Yogananda teaches that the degree of consciousness at death exists on a spectrum. Not everyone will achieve the complete mastery of a great yogi, but anyone who meditates regularly will die with more awareness and less fear than someone who has never practiced. Even a modest daily meditation practice creates familiarity with the inner landscape and loosens the soul’s grip on the body. You do not need to be a master. You need to be a practitioner.
What happens if someone dies suddenly, without time to prepare?
This is precisely why Yogananda stresses daily practice. If you have been meditating for years, the habit of turning inward is established in your subconscious. Even in a sudden death, that habit activates. The soul of a meditator instinctively moves toward the light, toward the higher centers, because it has done so thousands of times in practice. The person who has never meditated has no such instinct to fall back on and may be swept away by confusion and fear.

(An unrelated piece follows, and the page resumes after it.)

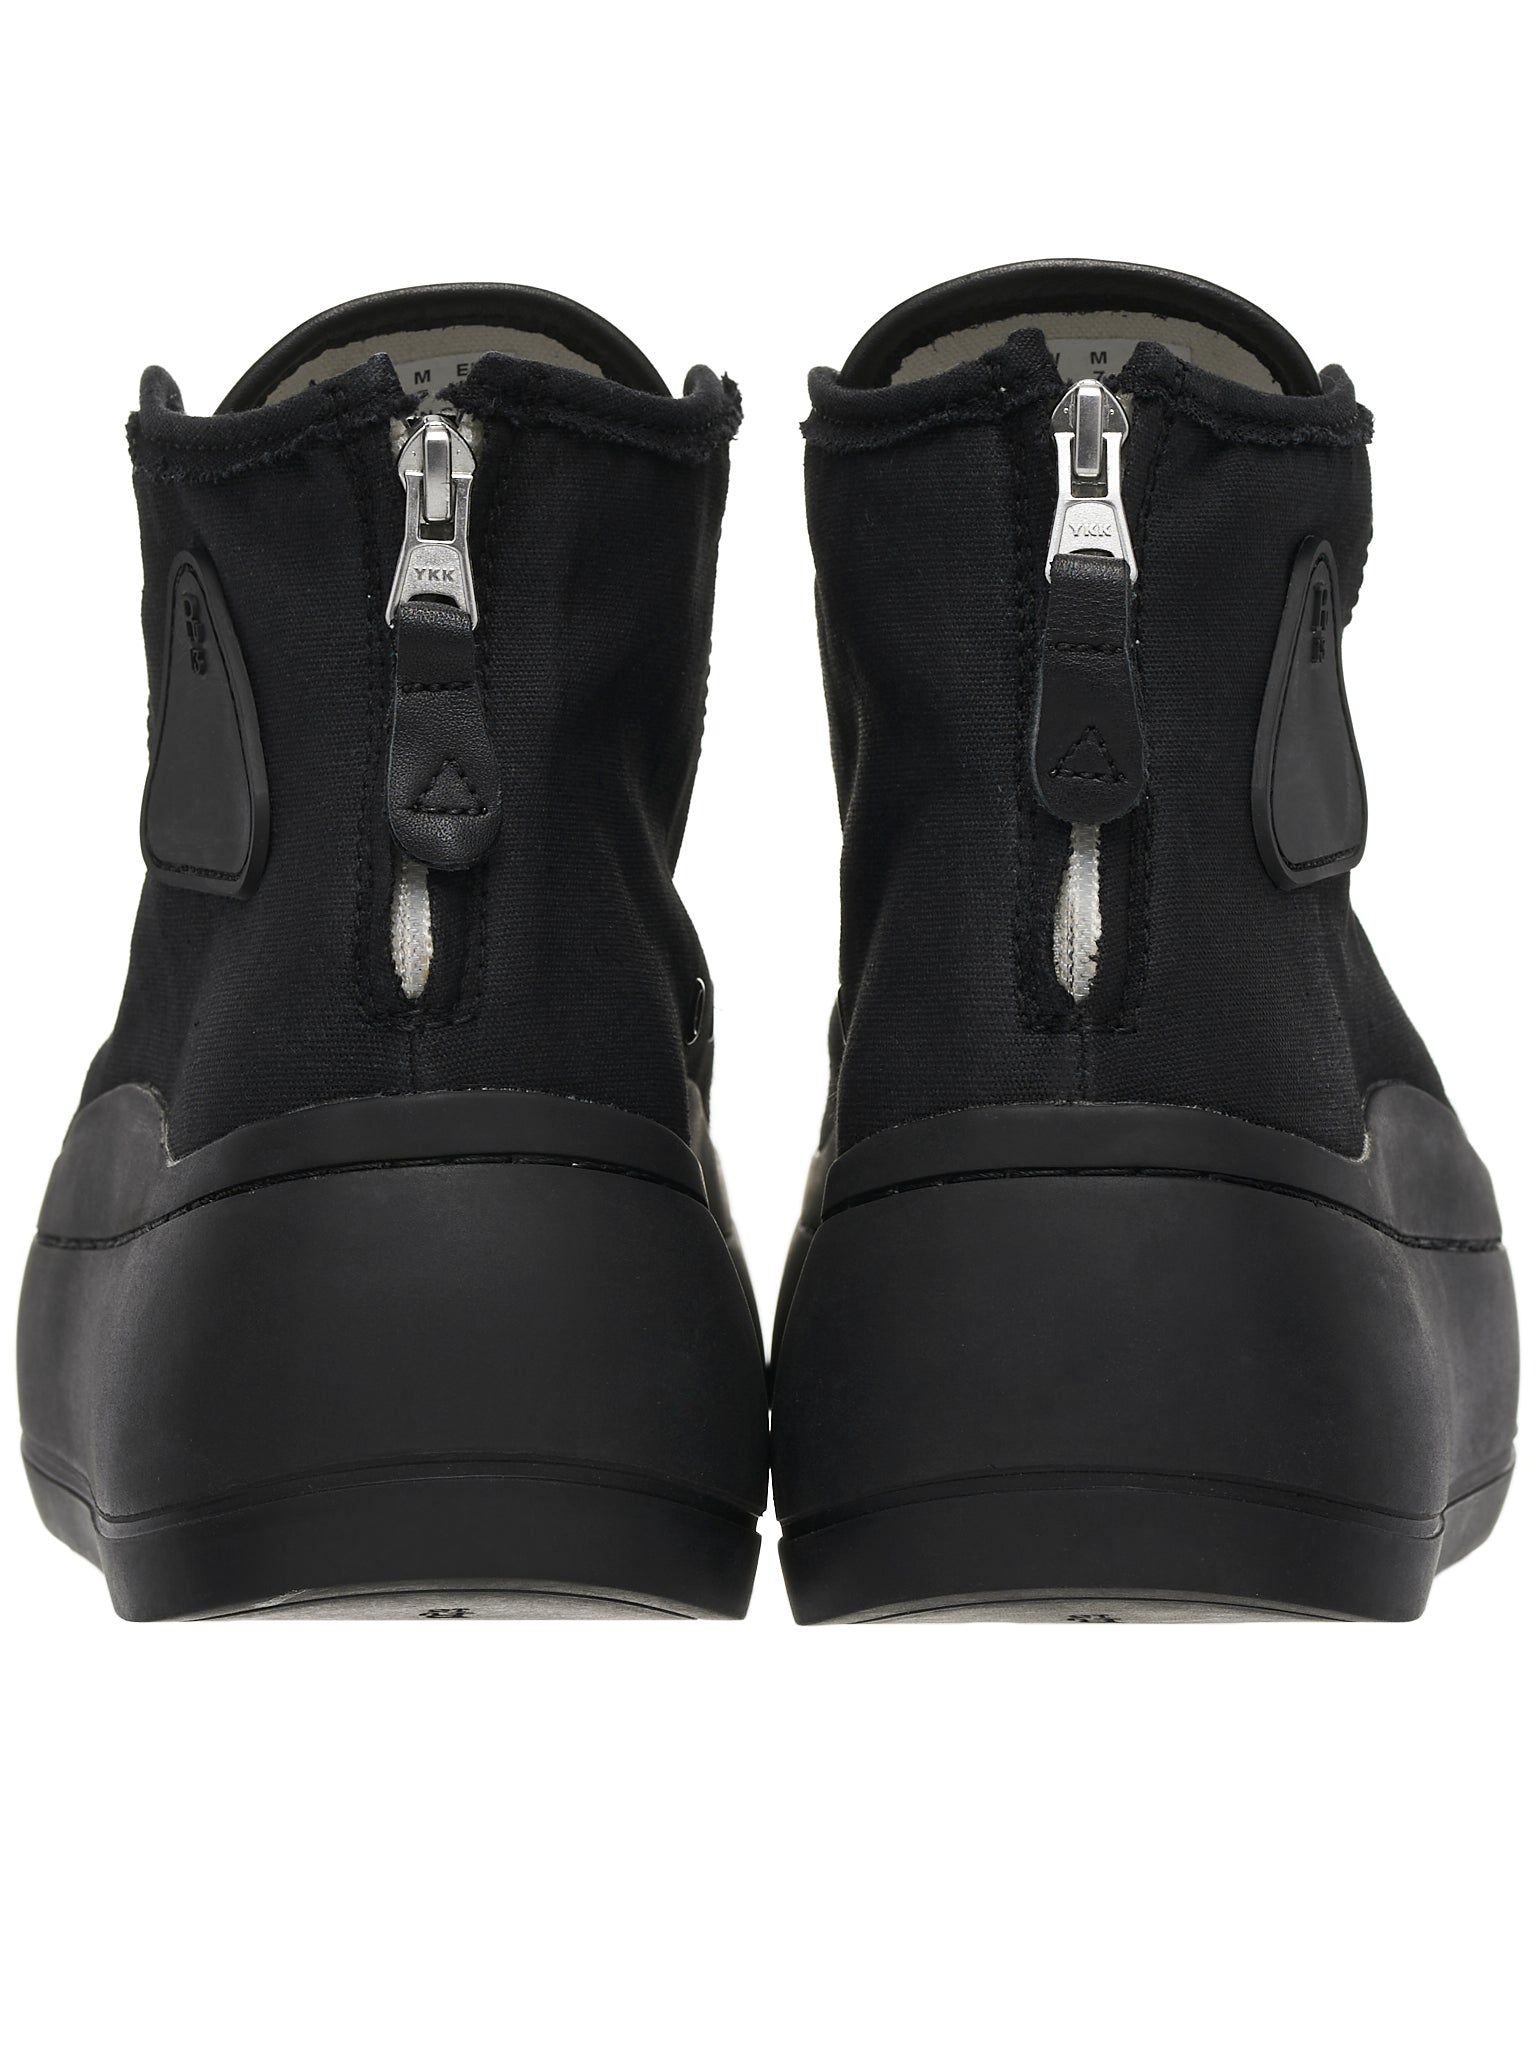 Lace Free Kurt Sneakers (R13S5032-001-BLACK)

How does this relate to the Christian idea of heaven?
Yogananda sees no contradiction. He interprets the Christian heaven as the higher astral and causal realms that the soul enters when it leaves the body through the higher chakras. The “kingdom of heaven within” that Jesus spoke of is, in Yogananda’s understanding, the inner experience of these higher states, accessible through meditation during life. The two traditions are describing the same reality in different language.

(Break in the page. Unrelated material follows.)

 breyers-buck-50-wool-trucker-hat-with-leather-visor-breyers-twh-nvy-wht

Should thinking about death make us depressed or anxious?
Yogananda says the opposite. Honest contemplation of death is one of the most vitalizing things you can do. It strips away pettiness and urgency about things that do not matter. It clarifies what is truly important. People who come to terms with their mortality often report feeling more alive, more grateful, and more present than ever before. Denying death creates anxiety. Facing it creates freedom.
Practice
Sit with your spine straight and your eyes closed. Take a slow, deep breath and as you exhale, imagine the energy in your body gently gathering at the base of your spine. With each subsequent breath, visualize this energy rising slowly, from the base of the spine, to the navel, to the heart, to the throat, to the point between the eyebrows. Do not force it. Simply use gentle attention and breath to guide the energy upward. When your attention rests at the point between the eyebrows, hold it there for as long as is comfortable. Feel the quiet peace that comes when energy is gathered and focused rather than scattered. This is a simplified version of the practice Yogananda describes. Done daily (even for five minutes) it trains your awareness to move in the direction that matters most, upward and inward, toward the source.